You don’t spend a lot of time cooking or you don’t have enough time to cook as often as you wish. That’s okay, plenty of people lead such busy lives nowadays that they sometimes have to find time to grab a snack in between lunch breaks at work. And when you finally come back home, late at night, you lack the energy to cook up a spicy and tasty dinner. These are the nights when you rely more on what you can find at the supermarket and the easiest and quickest way to cook a delicious and super-fast dinner is to choose frozen foods. But what you buy from the supermarket isn’t necessarily healthy, this is why you should be more careful when you make your frozen dinner choices. Let’s find out together what are the healthiest frozen foods in the supermarket, that you can have for dinner. Or for breakfast.

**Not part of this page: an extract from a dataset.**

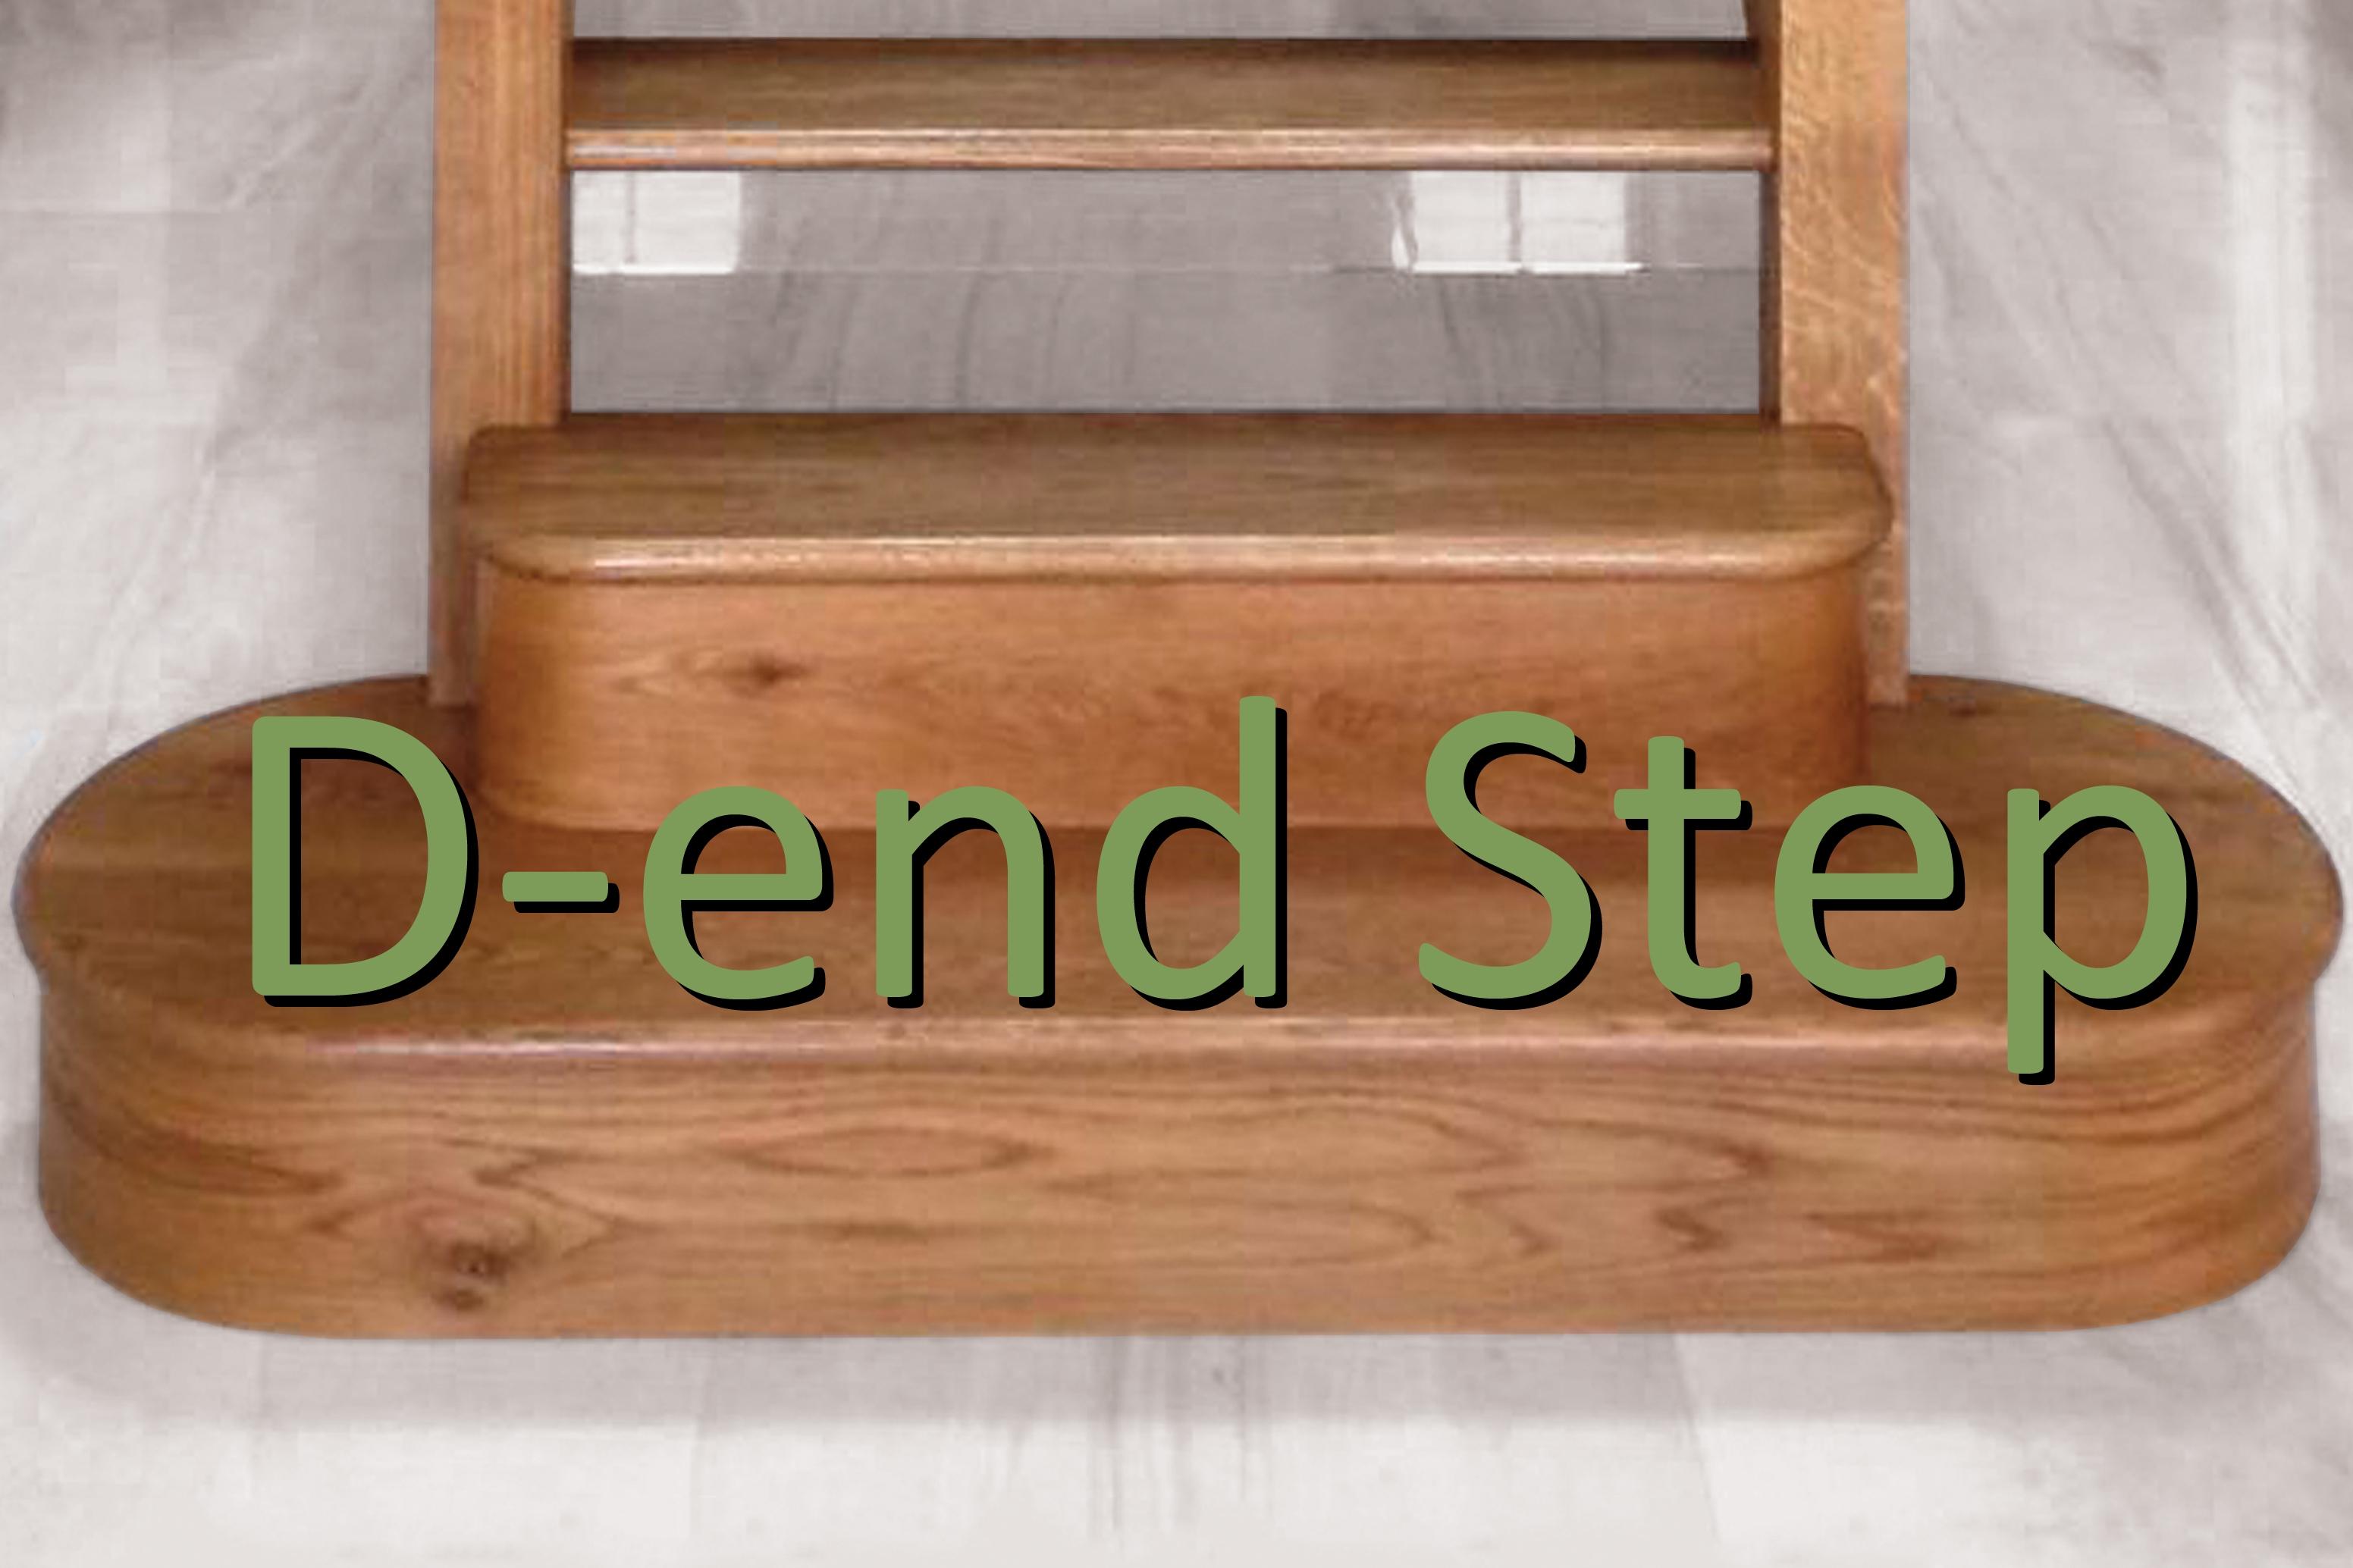 D-end step

First of all, whenever you think of healthy frozen foods from the supermarket, you inevitably think of pizzas. As we know, pizzas come in many versions, each tastier than its competitors, and sometimes they make it difficult for us to choose the one we want to take it home with us. But inevitable, the perfect pizza for us has to have a perfect balance between its ingredients, either if it’s the cheese to sauce, the nice blend of cheese, the fresh and tasty sauce or the solid or crispy crust. But which ones of these pizzas is also healthy? Well, we have a few recommendations for you, such as a pizza with a gluten free crust that is also made from whole grains, with a lot of mozzarella and provolone cheese. It can have a blend of the nicest ingredients, such as oregano, thyme, rosemary and basil. There is also the pizza that as pesto sauce, which is mainly made of a high qualitative olive oil and fresh basil, being a substitute for the classic oregano sauce. The pesto sauce is also topped with tomato slices, two types of cheese blend and broccoli florets. Are you a fan of pizzas that have a lot of cheese in their composition? We recommend you the 4 cheese pizza, which includes four cheese blends such as mozzarella, fontina, provolone and parmesan. If you prefer any other kinds of pizzas, we have some suggestions for you to look after when reading the pizza’s label:
- The whole grains for the crust
- The serving size, which is the number of pizza slices you will eat
- The saturated fats. Look for pizzas that have ⪯ 7g saturated fat if it made of only 3 servings, and for ⪯ 5g saturated fat if you cut the pizza into 4 servings
Frozen pizzas are great for late dinners, especially if they are made of healthy ingredients. But what about breakfast? You don’t have enough time to cook something before you go to work, so a frozen breakfast is also a frequent choice in your situation. Here are our recommendations of healthy frozen foods for breakfasts that you can find in the supermarket:
- Tofu scramble, especially if it is sautéed with onions, mushrooms, spinach and zucchini. You will get a perfectly vegan scramble, along with a great portion of brown potatoes and sliced tomatoes.
- A turkey sausage bowl, with sausage crumbles, shredded cheese, which are sprinkled over the scrambled egg whites and the diced potatoes.
- Frozen oatmeal? Why not?! You can serve it frozen with sprinkled berries on top of it, and you will get a delicious and quick breakfast before you rush at work.
- Muffins with carrot, berries and garden lites. They have a crumbly texture and carrot-cake flavor, and you can serve them with greek yogurt or eggs for a more filling breakfast meal.
If you want to make sure that you will be serving a healthy meal that consists entirely of frozen foods found in the supermarket, you will want to look up after these ingredients on their labels:
- The amount of sodium. It can be found in cheese, sausages, hash browns, bacon and you have to choose only the meals that are less than 750 mg of sodium in their composition.
- The saturated fats. The cheese, the sausage, the eggs and the bacon are all saturated fats laden foods, so if you want to make sure that you won’t be adding any extra pounds, look for keeping the total sat fat under 7g
- The amount of added sugar. From the list above, the muffins and the oatmeal have added sugars, so look after the ones that don’t have brown sugar, honey or any other types of sweeteners in their composition.
Finding healthy frozen foods in the supermarket isn’t that hard if you pay attention to the ingredients that each product has. The label is the first thing to look for when you are searching for something that doesn’t mess up with your pounds. And remember – healthy frozen pizzas and healthy frozen breakfasts are possible if you look for them in the right place!